Activity. Would you repeat the listing below verbatim and drop the images?

Given material.

☆ ☆ ☆ ☆ ☆

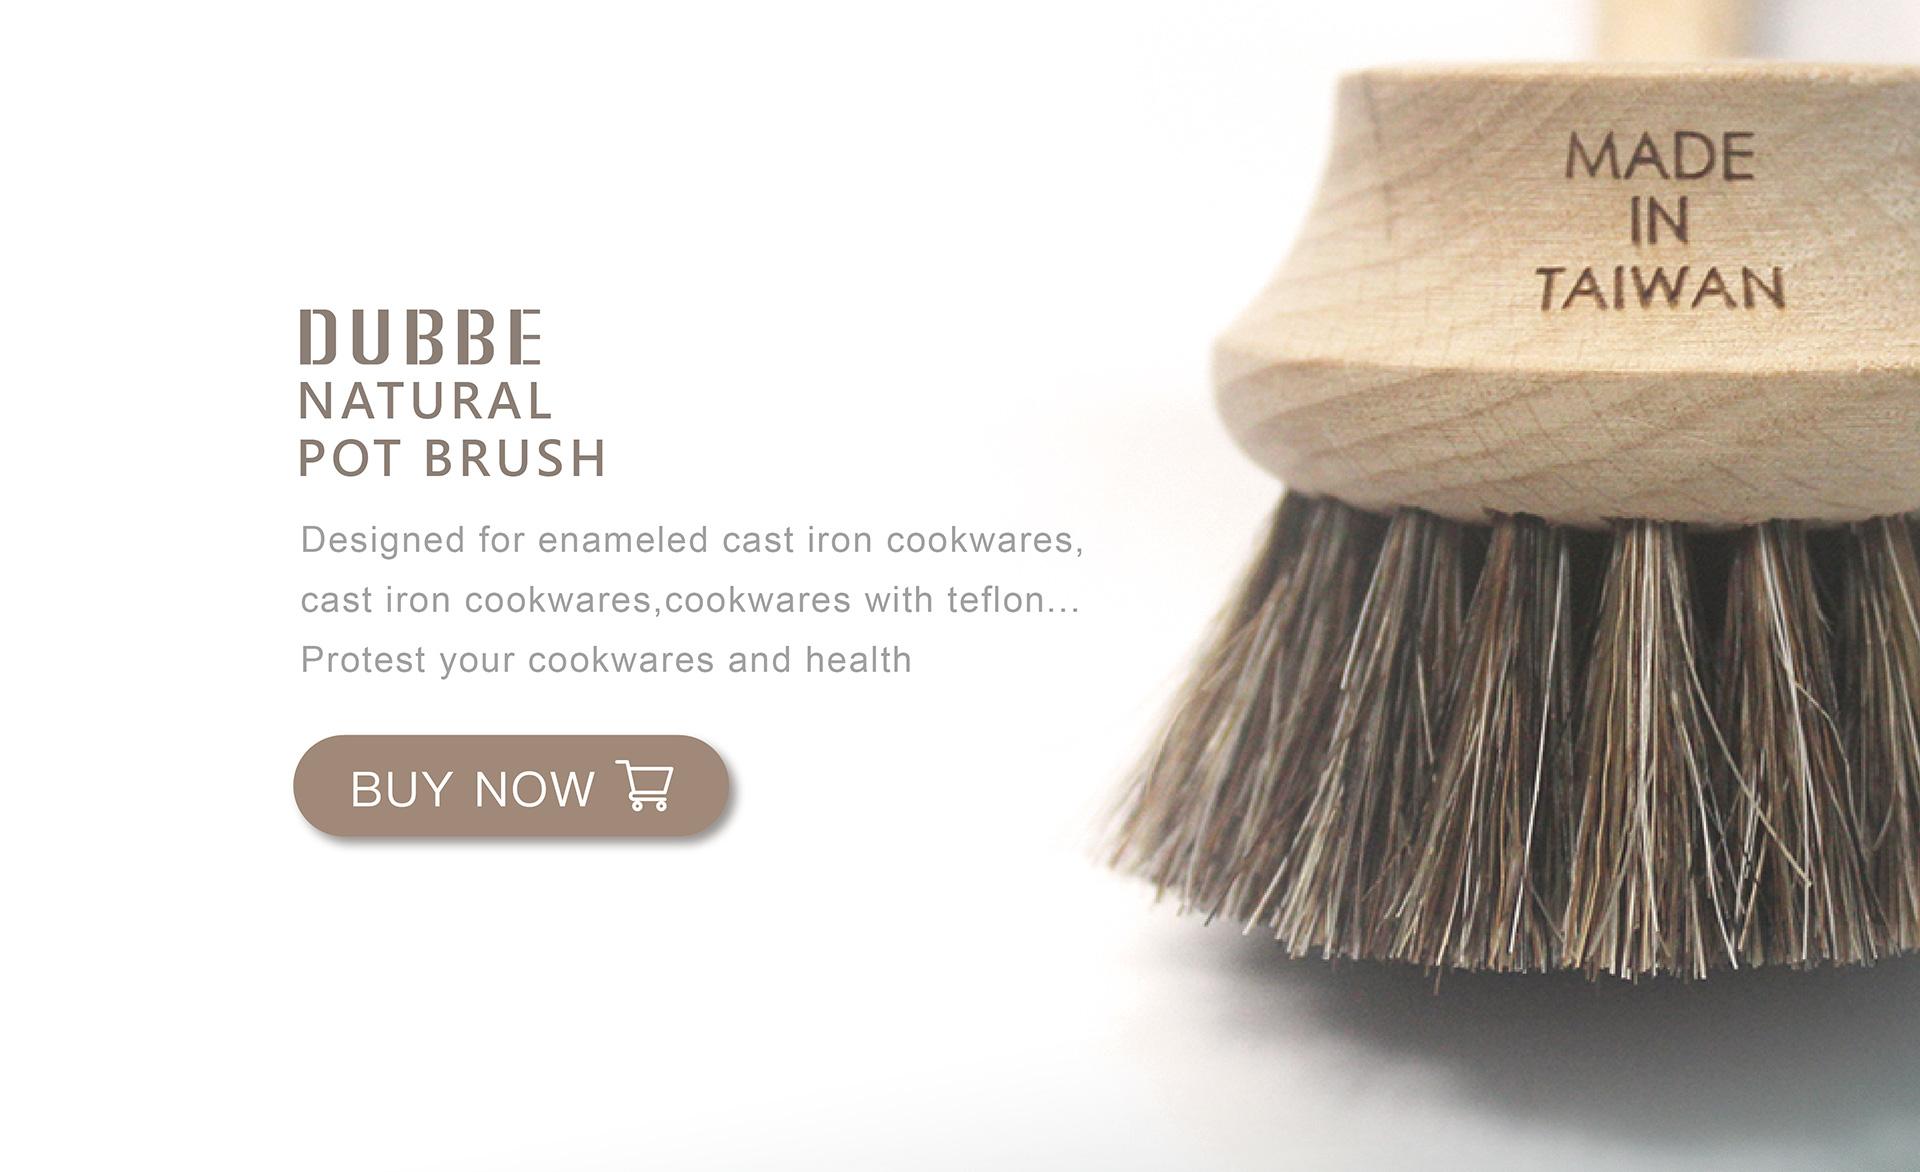 DUBBE Natural pot brush
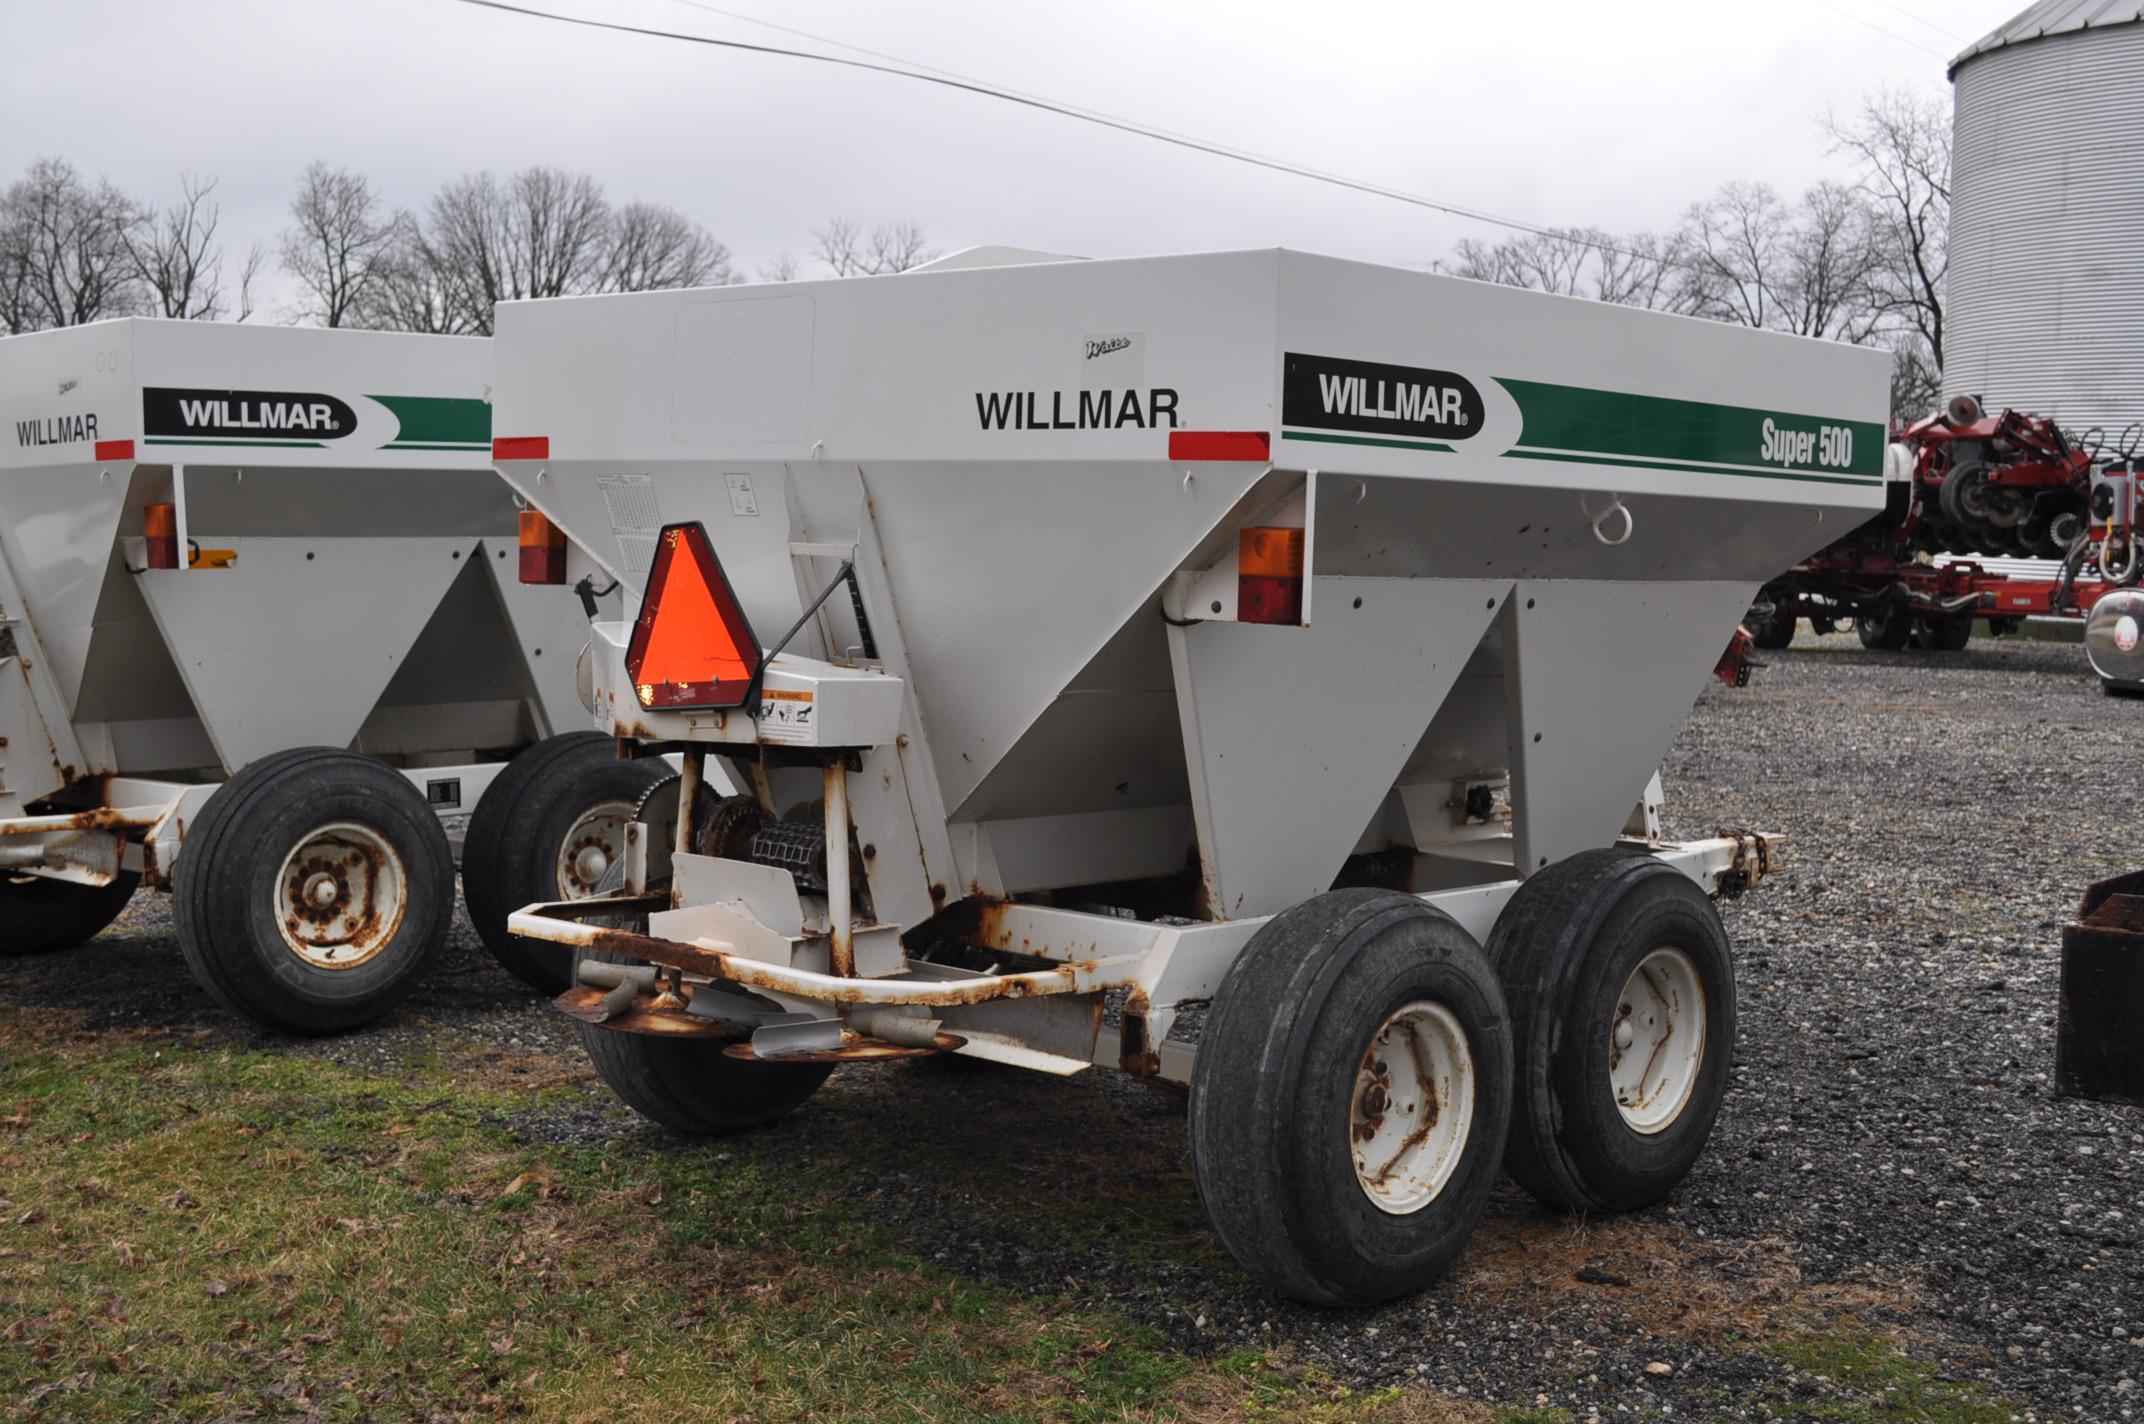 Wilmar Super 500 dry fertilizer spreaders, tandem axles, 12.5L-15 tires, twin spreaders, 540 pto - Image 3 of 12
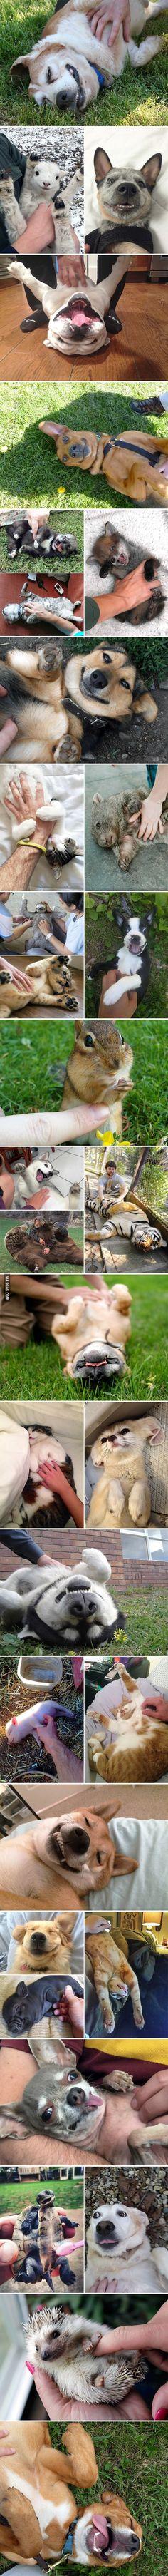 Just some animals enjoying belly rubs

☆ ☆ ☆ ☆ ☆

Exercise output.
 DUBBE Natural pot brush
 Wilmar Super 500 dry fertilizer spreaders, tandem axles, 12.5L-15 tires, twin spreaders, 540 pto - Image 3 of 12
 Just some animals enjoying belly rubs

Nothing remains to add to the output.